The other library does a better job in that they have a weekly post called “Monday Children’s Books Review” in which as expected they talk about various children’s books.  First off this caught my eye because I heavily utilize my library to find books to read to my children.  Second, this is a weekly post so I know that I can check back each week and there will be something new posted.  Third, since I do check in weekly I also happen to catch any other posts they have written during the week about other topics or upcoming events.  I do wish they did more with responding to comments as I have left comments and have seen other people leave comments but no one responds back to them.

Twitter

Many of the articles we read about libraries utilizing Twitter are several years old but I think it’s safe to say the number of people on Twitter is much higher now.  I think Twitter can take advantage of Twitter by using it to communicate with patrons and also to monitor patrons satisfaction with the library’s services as mentioned in this blog post from a senior librarian at the National University of Singapore.  My county library system is on Twitter and imagine my amazement when they replied to a complaint I made on Twitter.  They were able to resolve my problem and not only was I happy that I found an answer to my problem but I was even happier knowing that they were listening and actively trying to assist patrons.  Since then I’ve utilized Twitter to ask questions about book requests, open hours, holiday closures, etc.  All things that granted can be found on their website but it is so much more convenient to simply tweet and get an answer rather than having to remember to bookmark the library site on every computer I use or have to search to find the url to the library’s website and then navigate to find the information I want.

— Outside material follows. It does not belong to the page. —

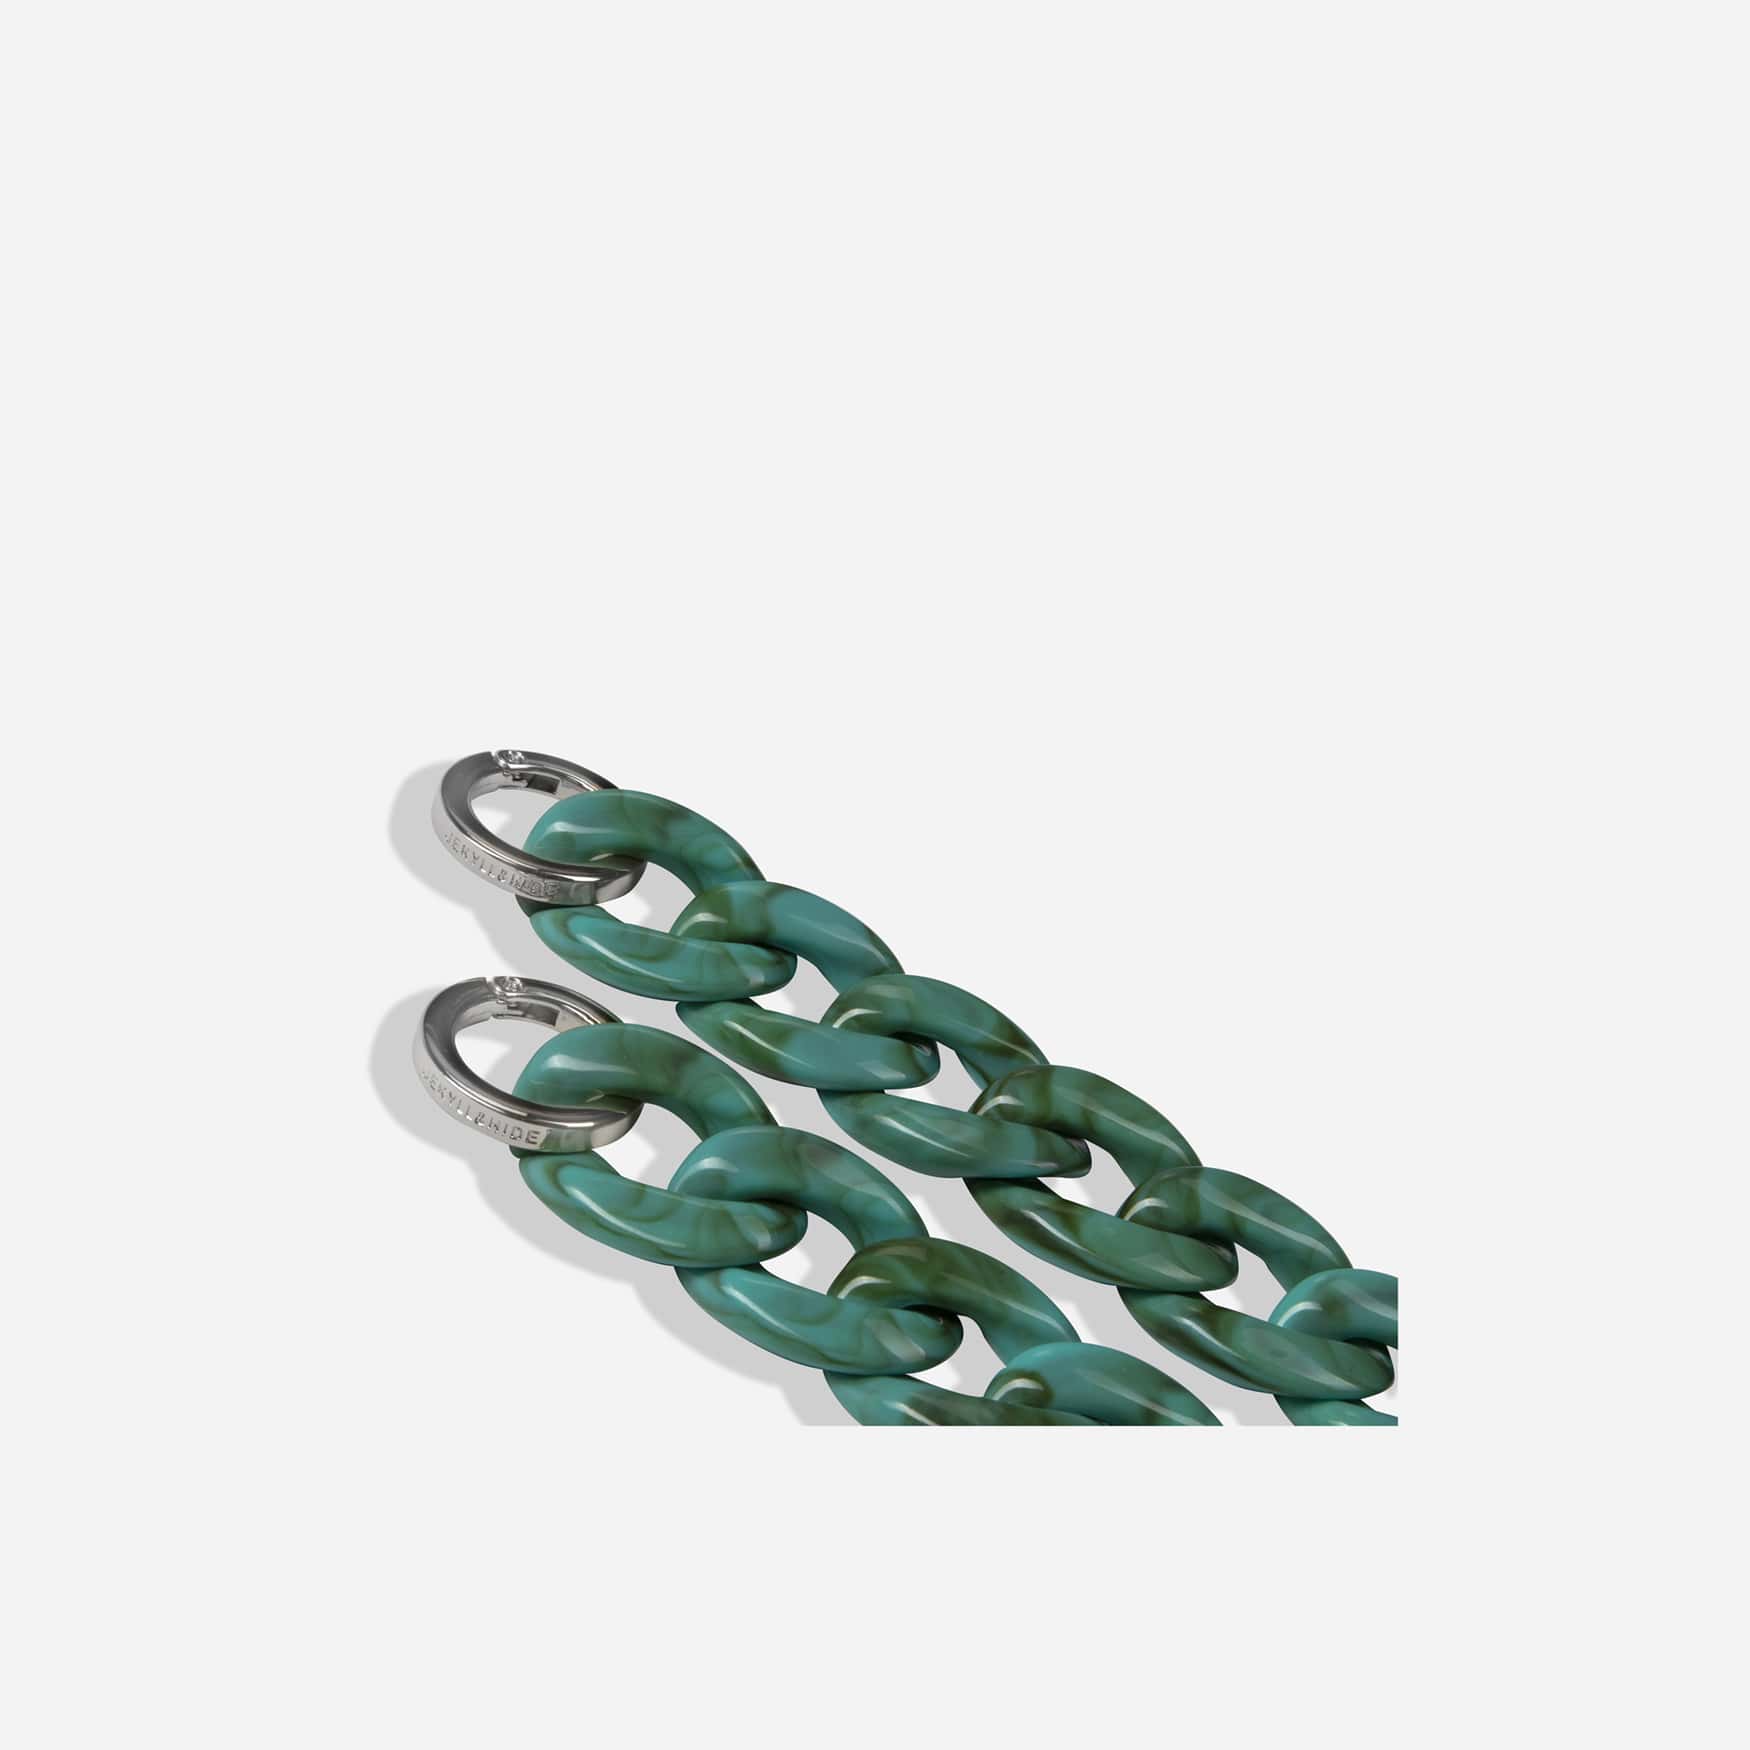 Turquoise Chain Strap

I think other types of tweets patrons would find useful is updates about upcoming events at the library, a highlight of new book arrivals, information about events going on around the city or especially during these times information about funding or cuts that may affect library services.  Just today I happen to see a tweet about the cuts to California’s funding for libraries.  I had not heard about this before and re-tweeted the article and saw other re-tweets.  I don’t know if this will translate into more support for libraries but it definitely helps get the news into the public eye.

As social media becomes more and more ingrained into every generation I think libraries need to embrace these technologies in order to keep up with their patrons.  It opens up new avenues of communication and possibly even new services to keep libraries relevant.